Упрямистый Французик было взвился на дыбошки:
— А вот возьму и не успокоюсь!
Дело добежало до большого.
Василий вскинул кнутище.
Французик знал принципиальную его последовательность дел за словами, отпрянул на безопасное расстояние.
— Не гони… — сломленно запросился Французик. — Я больше не буду. Я просто так…
— Думаешь, я за гденьги? Пошёл, подрейтузная перхоть, от греха на заслужёнай отдых. Пшёл, козлоногий!
31
А может, Млечный путь — это звезды на пиджаке какого-нибудь гиганта.
Каурый с разбегу хлопнулся на руки, пробежался на четвереньках и тукнулся лбом в мягкие Катькины губы.
— Ме-е-е-е! — ересливо прокричал он.
— Не хами! — сказала Катька. — Молод ещё.
Каурый обомлело привстал перед ней на колени.
— Ты, коза, говоришь по-людски?
— Эка невидаль. Я ж не сдивилась, что ты, человек, заблеял, как какой кислый муж козы?.. Ну что, толдон, не слепились с Василием характерами? Ты не серчай. Он добрый. Напылил. А бритый не успеет побриться, он и отойдёт. Подзовёт ещё играть.
— После игры?
— Почему же… Он отходчивый… мягкий… Повидло! Я-то плотно знаю его. Лучше всеха. Знаю со своего рождения. Ты послушай его ушибленную жизню…
— Да что мне его жизня? Нечестный ваш главкокомандующий!
— Не мною сказано: на Руси честных нету, но все святые.
Каурый отмахнулся от неё и сел, сел спиной и к ней, и к полю. А век бы не видеть этого святошу!
Прямо перед глазами в бузине лежали козы. Видны одни рога да чуть-чуть головы.
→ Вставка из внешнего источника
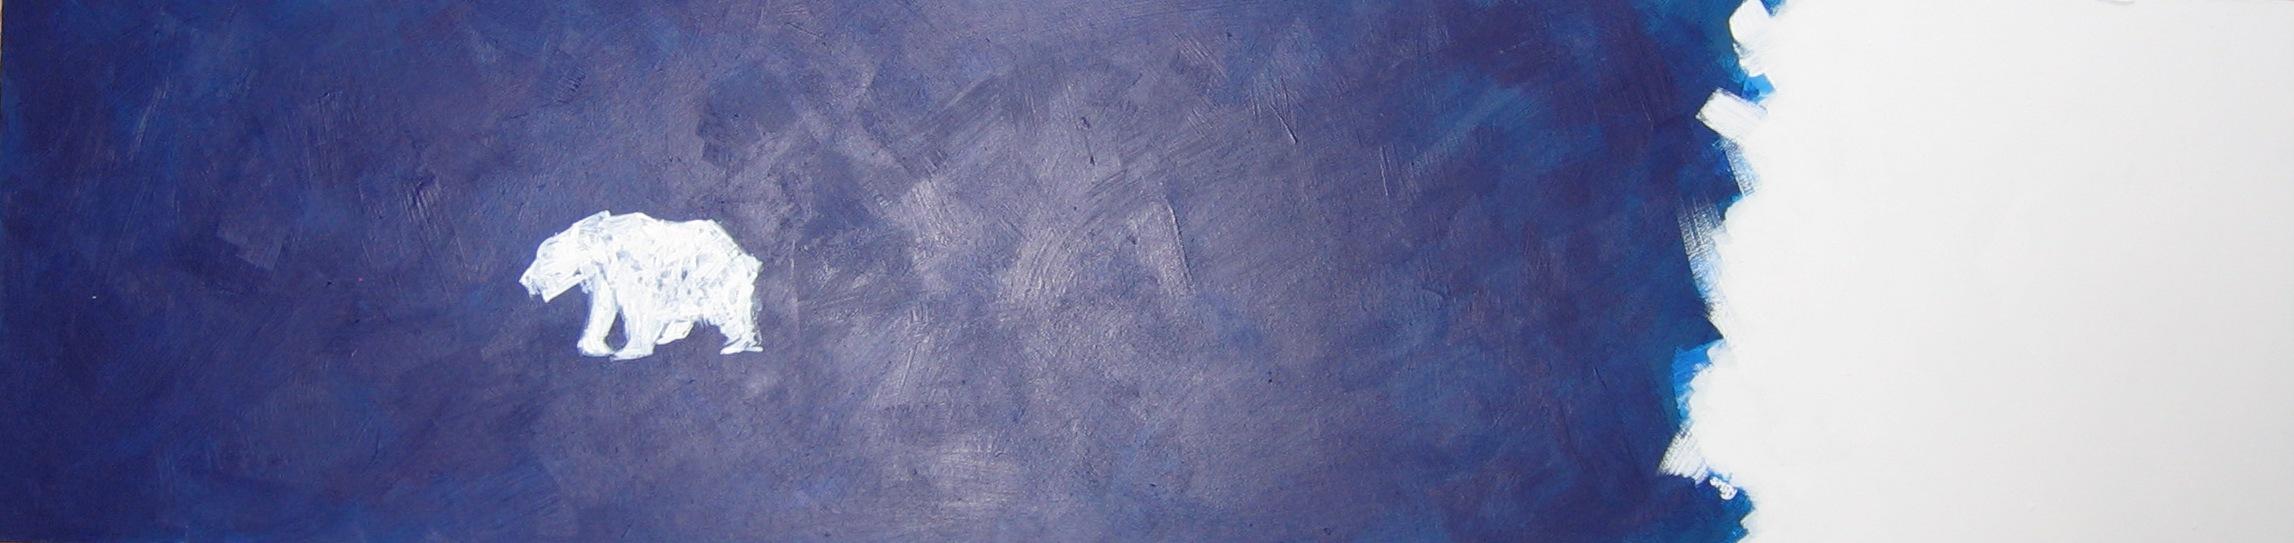 ice bear berg  2008 Acrylics on wood 160 x 40cm

Одни равнодушно жевали, устало смежив реснички. Другие сквозь листву, как из засады, застывше слушкими взорами пялились на поле, где непонятно зачем носился с криками их Василий.
Впереди всех, клинышком, одиноко в дозоре стояла на затёкших припухлых ногах в белых носочках наша рыжая, с проседью Екатерина.
Стоит не шелохнётся.
Может, смотрела, смотрела на наш концертино да и задремала стоя, прикрыла подёрнутые поволокой усталости глаза? Со старухами это случается. Вот говорила — ан уже спит. Только большой живот мерно опускался, приподымался да слышно трудное, шумное дыхание, будто выпускала на волю злых духов.
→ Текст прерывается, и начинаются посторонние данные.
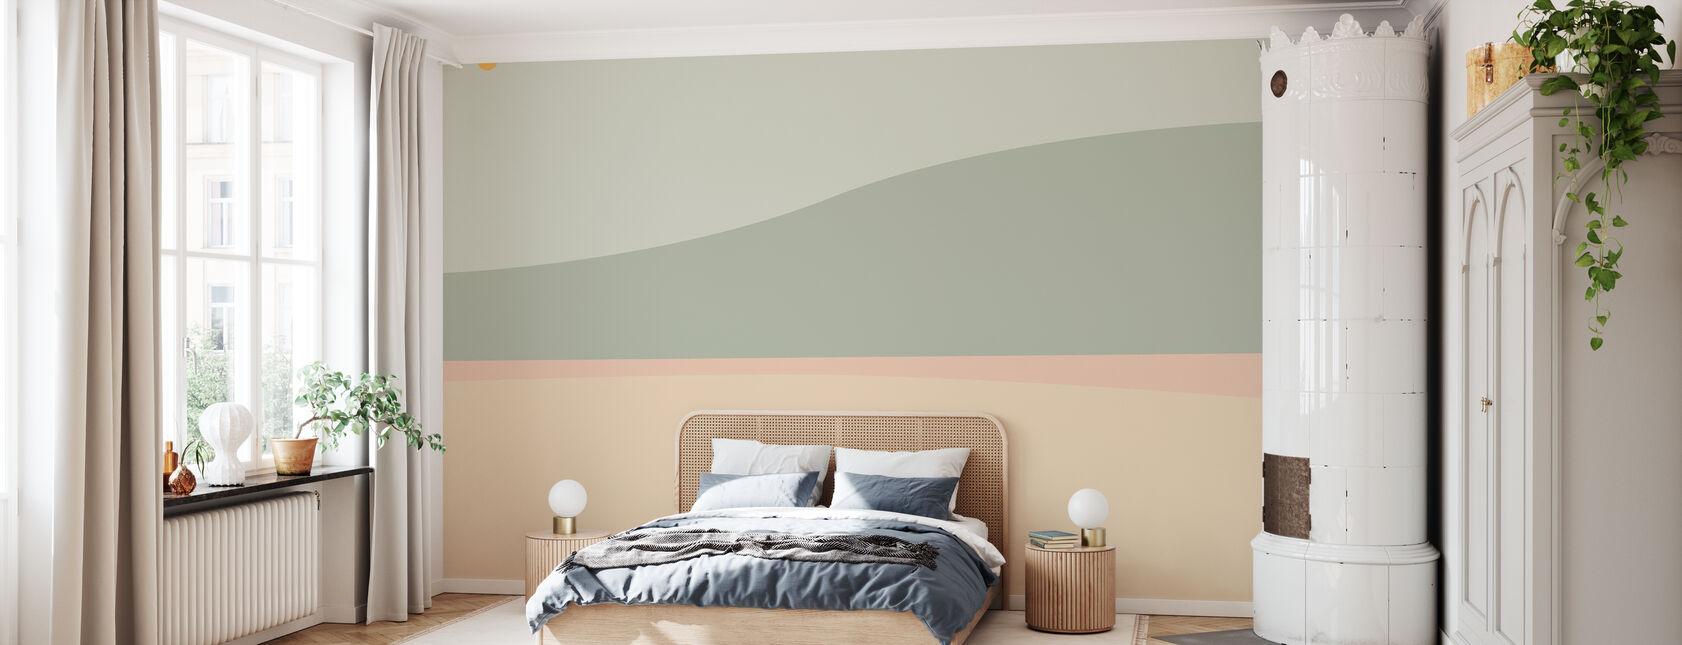 Colli - Light - Papier peint - Chambre

— Года мои пионерские,[134] уклонные, — несмело бормотала она в спину Каурому. Каурый молчал. Она смелеет: раз слушает, можно рассказывать. — Боимся мы старости. Старость ломает… лезет к нам…
— А сама чего лезешь к незнакомым? Я с незнакомыми не знакомлюсь.
— Я так… Про Василия, про добрость его… Чтоб ты чего худого не подумал… На четвёртый годок мальчишечка полез, ан нагрянули загонять его родителев в колхоз. Хвалят колхоз. Хорошо, говорят, будет вам в колхозе. И тулуп, и свита, и губа сыта!.. Отец-мать ёжатся. Не жалам! И на дух не надобен ваш колхозий! Батьке говорят: ты подумай! А чтоб способней думалось, окатили на Николу-зимнего водой, воткнули в погреб. Утром спрашивают: ну, вышел на согласие? Нет. Вывернули ему за ворот ведро навозной юшки, покурили, покидали ему за ворот и свои негашёные чинарики. Думай яшшо, зрей! И опять в погреб. Жена открыла. Он мёртвый, вилами себя заколол.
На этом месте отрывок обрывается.